见宗主在几人只见被抓来拽去一个人恨不得被分成几个,宋寻观察了一下还是轻咳了一声,想要试图能拯救一下郎宗主,结果没想到郎宗主看见站在一旁的宋寻简直跟看到救星一样,为难的不行的脸上一下出现了生机,忙道:“各位长老,澍玉长老来了大家不妨也听听他的意见再做决定啊!”
从宋寻面无表情的望向他的脸上,郎宗主都能读出不敢置信和对自己忘恩负义的谴责,他简直心虚的不行,但这群老头子是在太难缠自己也是毫无办法。

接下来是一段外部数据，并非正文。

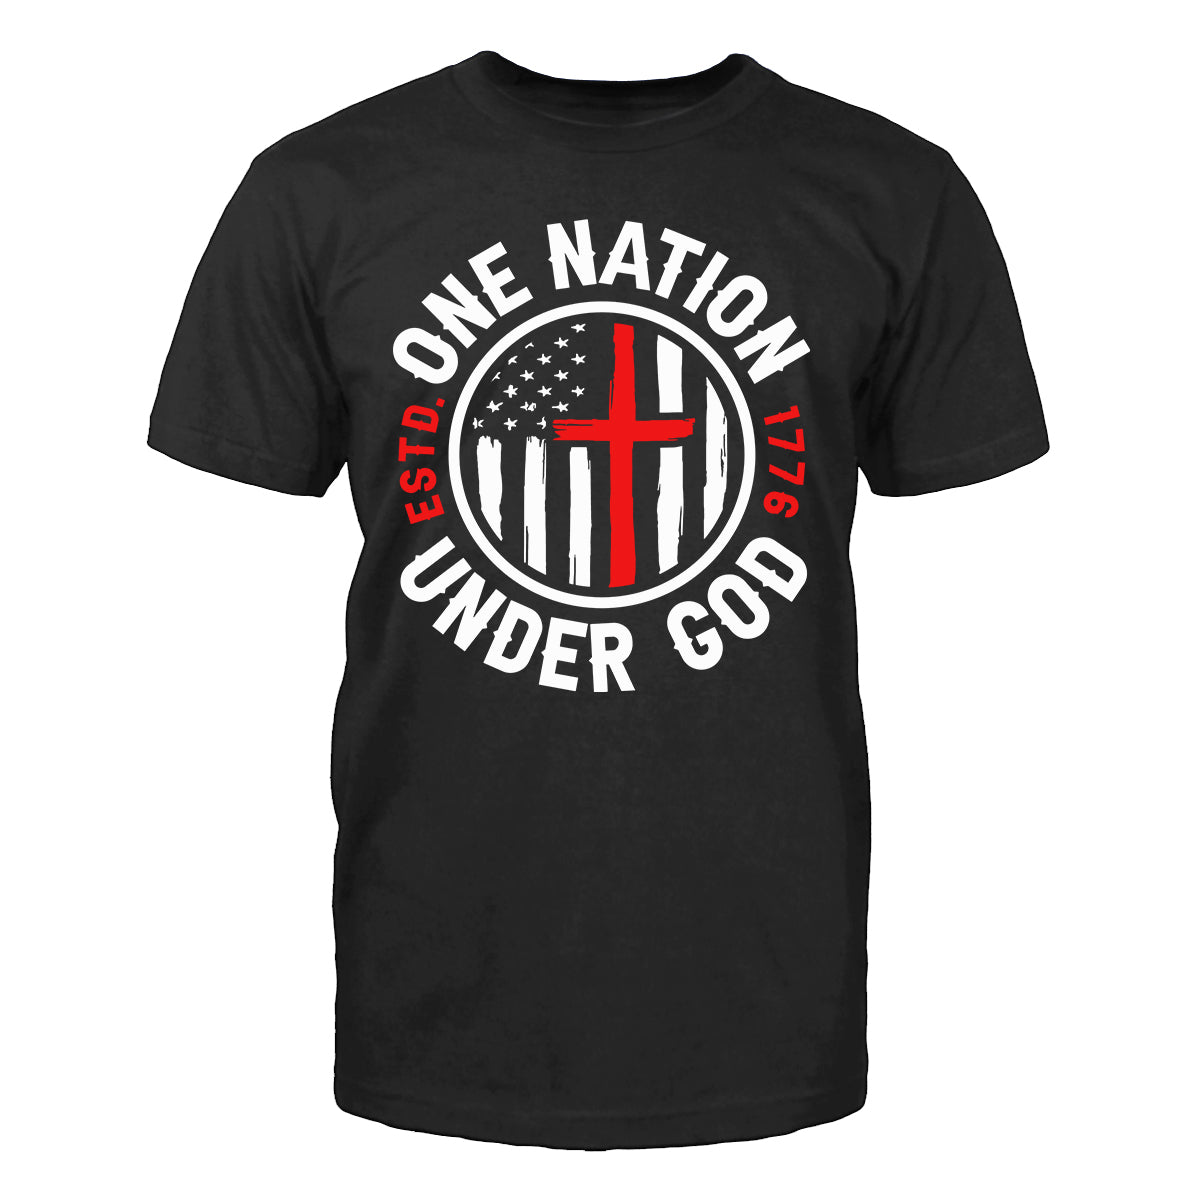 One Nation Under God 1776 Men's T-Shirt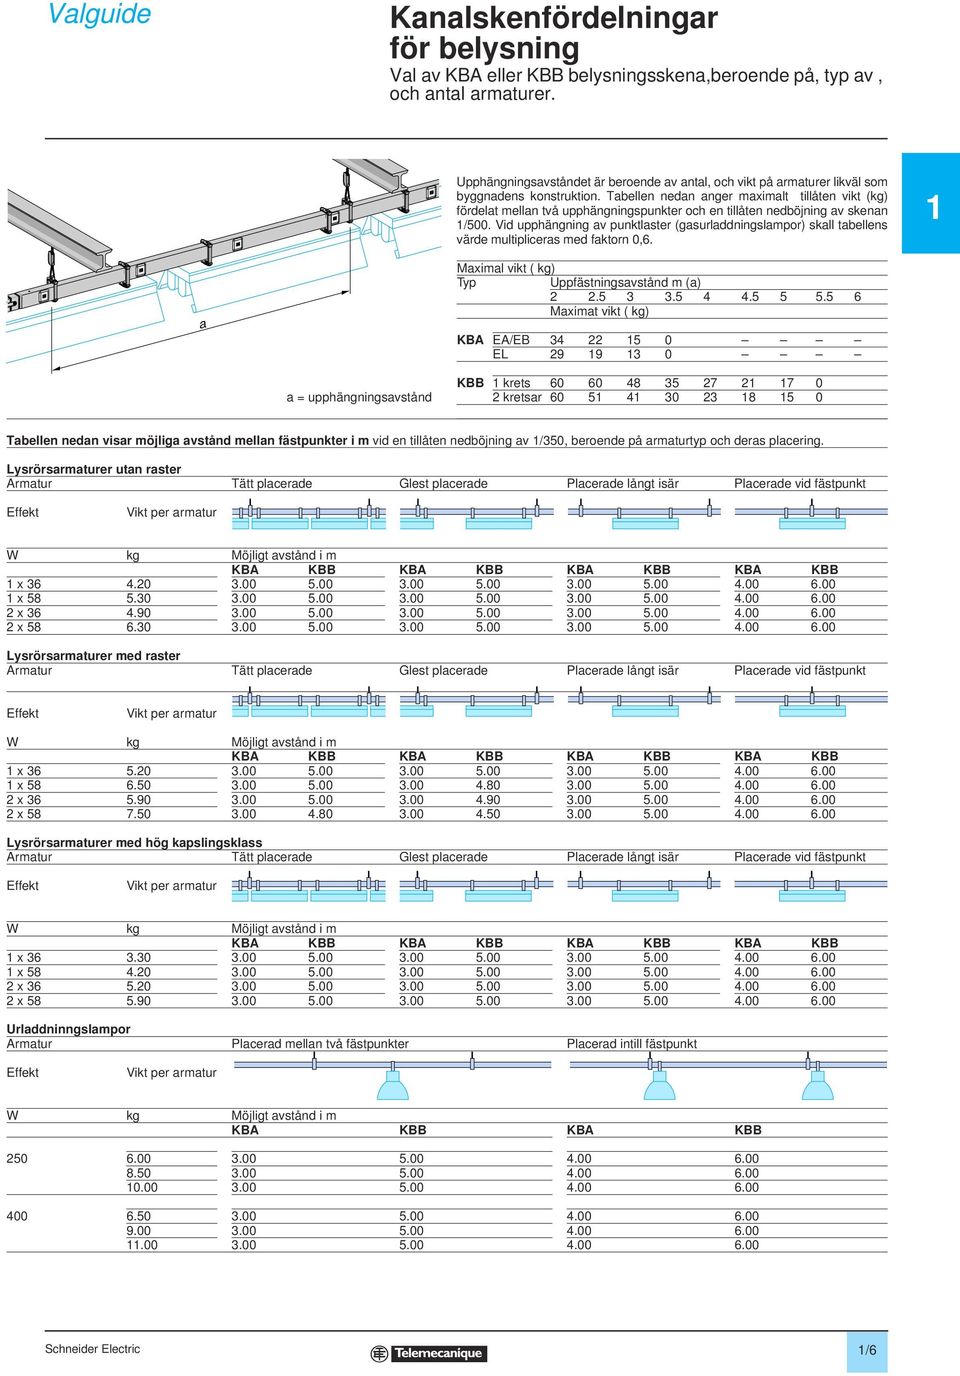 Tabellen nedan anger maximalt tillåten vikt (kg) fördelat mellan två upphängningspunkter och en tillåten nedböjning av skenan 1/500.

“好啊!既然澍玉也带了不如你也说说,这山下突然出现的疫病到底是怎么一回事?还有昨天我听说你的两个徒弟还从后山抓了个妇人,说是比山下的病人还要严重,这到底又是怎么一回事?”
宋寻端坐在一边淡淡开口,“泽玉长老说的事情我都多少了解一点,前些日我带着弟子下山依次探访了疫病最先出现的荷渡镇、拦旱镇几个临近的小镇以及离我们最近的端云镇,几个镇子现在都出现了感染疫病的百姓,其中以最早出现的荷渡镇最甚,依次是端云、不启、缠谷……”
“几个镇子无一幸免,不过现在都还算能控制,被发现感染了的百姓都被隔离安置在镇中统一的隔离点,只不过每天都会有新的病患出现但数量并不算很多,镇中的百姓虽然恐慌但粮价未溢,菜价未涨,商户也多半开着”,宋寻稍顿了一下,似乎对接下来的话有些不忍,“只不过那些隔离起来的病人……照顾的人说,都是药石无医只能等死。”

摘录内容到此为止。